Based on our results, the nurses preferred to report informally when errors occurred within the ward. Also, error reporting was contingent upon the severity of the consequences to the patients; they would not instead report near-miss cases or errors without consequences, even informally. Toren et al. reported a discrepancy between what nurses describe as their intent to report a near-miss event and their actual reporting of an event (35). Nurses fear intimidation, retribution, or punitive measures. However, our results showed some ambiguities existed about error definition, and nurses hesitated to report errors, mainly to formal systems. Nurses perceived that they were blamed or criticized more for committing an error than were physicians. However, in one study published by Mayo Clinic, it was reported that the nurses tend to report the error to physicians (36).
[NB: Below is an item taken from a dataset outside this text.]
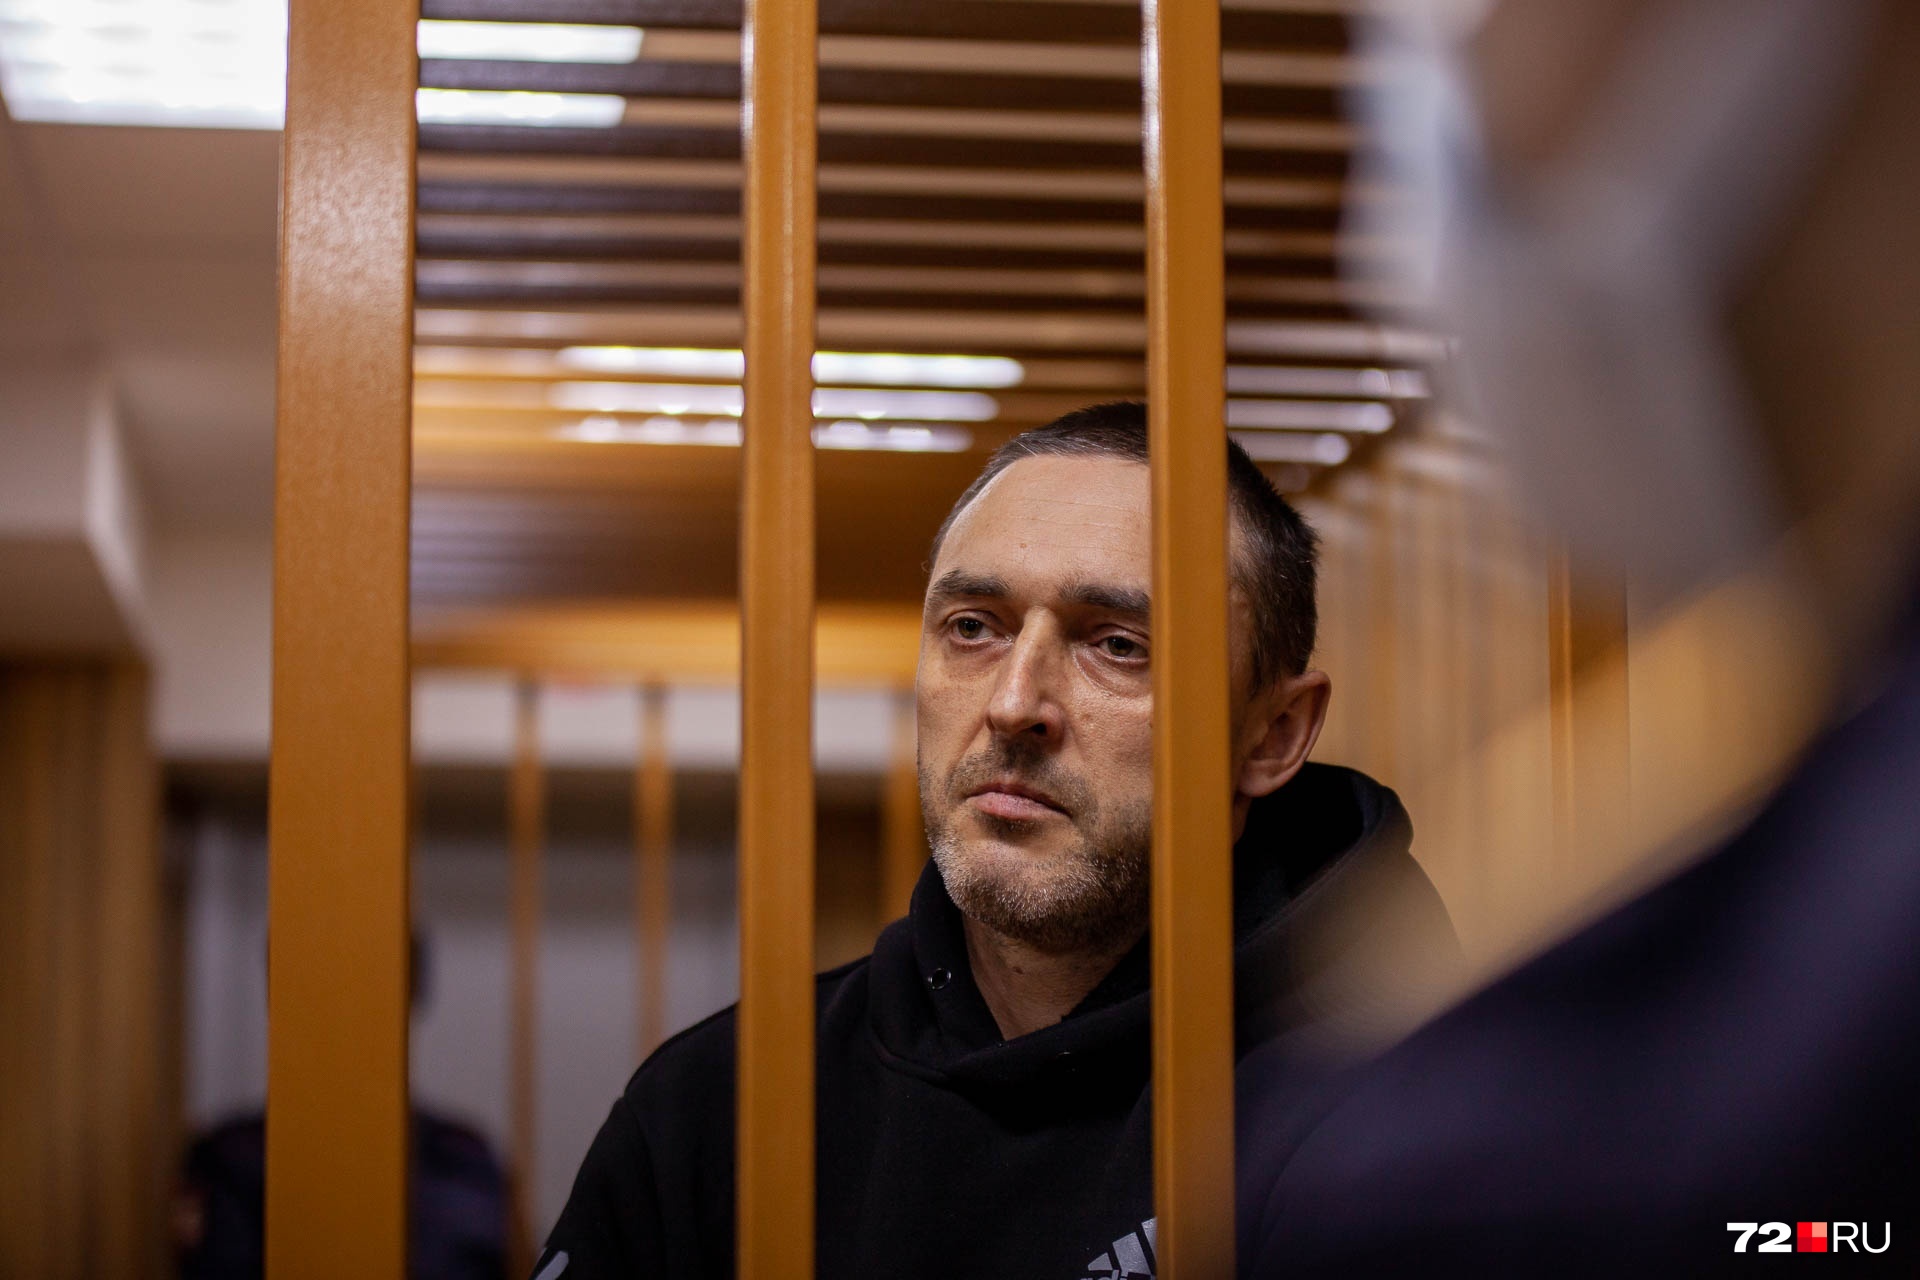 Виталий Бережной обвиняется по четырем тяжким статьям УК РФ. На судах он говорит, что он не виноват ни в чем и его пытаются подставить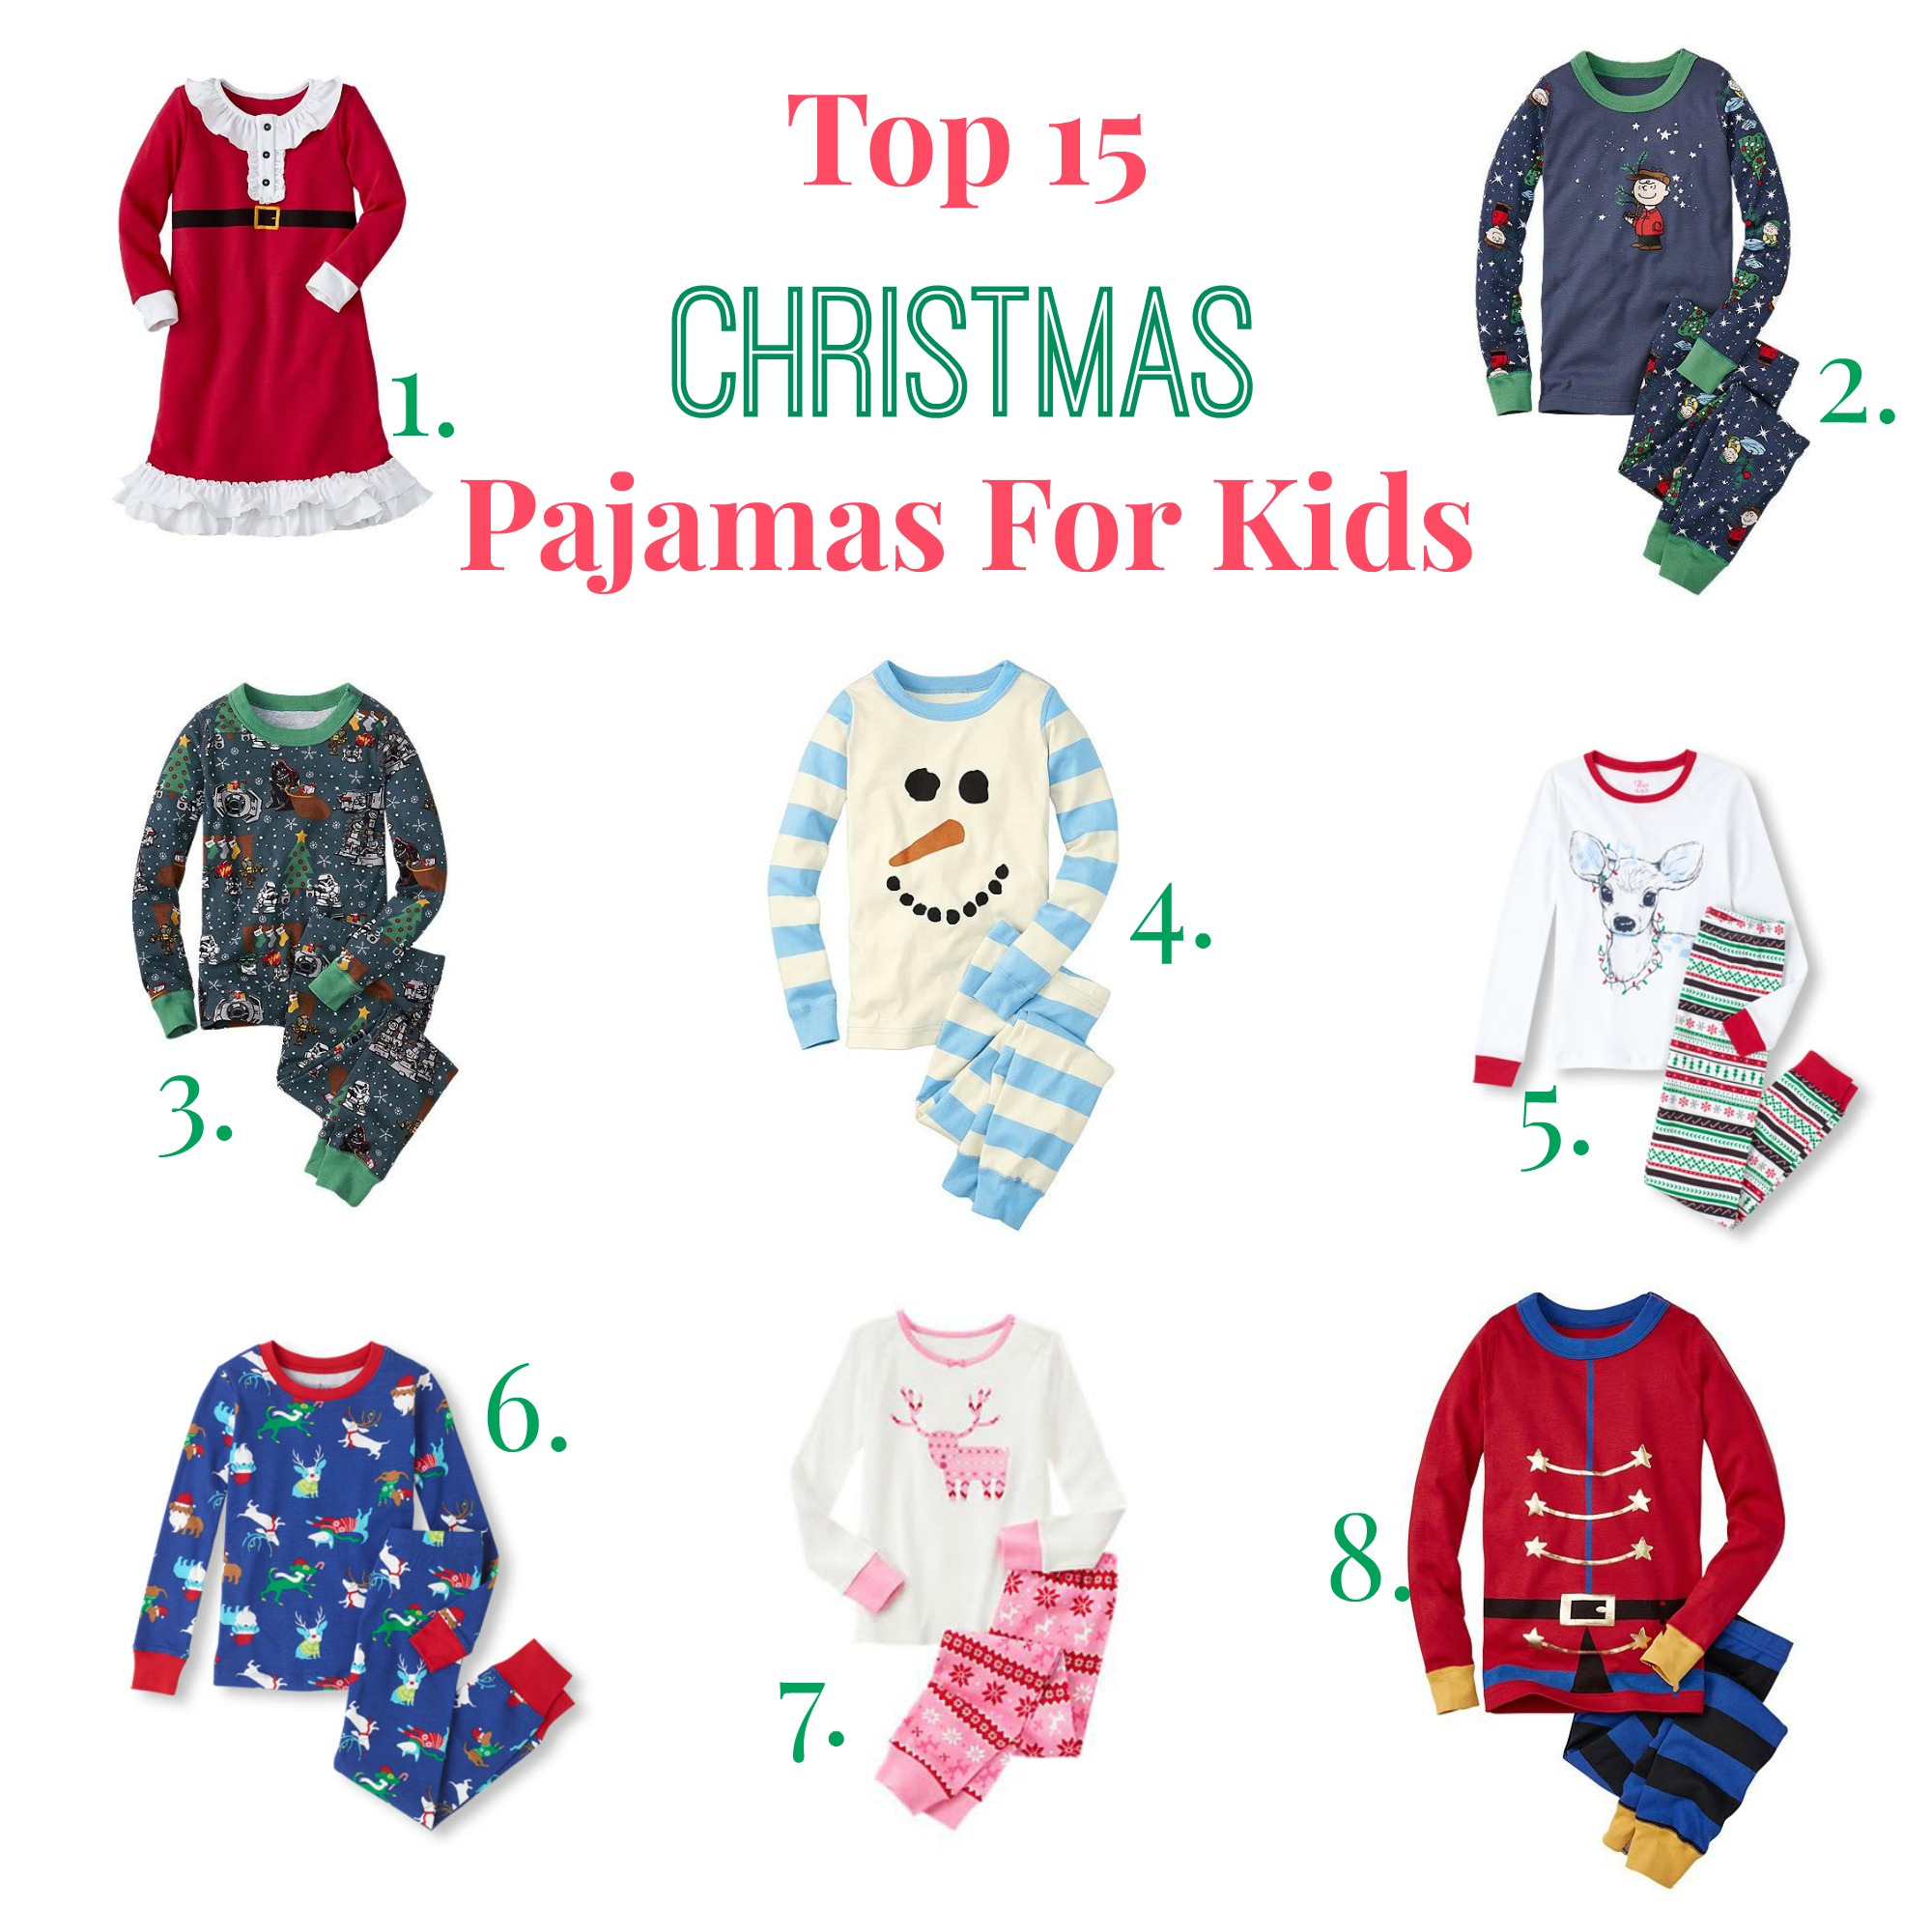 Top 15 Christmas Pajamas for Kids

Research has documented that disclosing errors and discussing details with patients are uncommon, and nurses do not intend to disclose fully to patients. O’Connor’s review reveals that healthcare professionals support the disclosure of errors that lead to adverse events, but there is a gap between ideal disclosure practice and reality (37). Other studies report that people firmly acknowledge the need for error disclosure to patients (38, 39), while most health professionals intend not to disclose MEs, especially the detailed information to the patients (40). To attain effective disclosure practices, a systematic training program in the healthcare system is needed to instruct professional ethics and communication skills.

This study encountered a few limitations; For instance, the interviewees' opinions are highly context-dependent, which may reduce the generalizability of the results. Also, we did not assess the patient’s approach toward error disclosing. Nevertheless, we attempted to provide a comprehensive approach by using two methods for more clarification about the accurate reasons to intend not reporting errors and disclosing.

5.1. Conclusions

Barriers to error reporting in hospitals are multifactorial. A lack of knowledge of errors and reporting mechanisms, inappropriate feedback, and adverse reactions are generally the most important inhibitors of error reporting. Such incidents generally occur due to some educational, motivational, and managerial factors. Moreover, nurses still believe that error reporting may bring about more subsequent harms. Combining these factors hinders error reporting and calls for interventions in several areas such as education, socio-cultural values, and managerial support to create a positive attitude, motivation, and incentive to disclose an error. The obtained results urge educational planning and system re-thinking to encourage error reporting.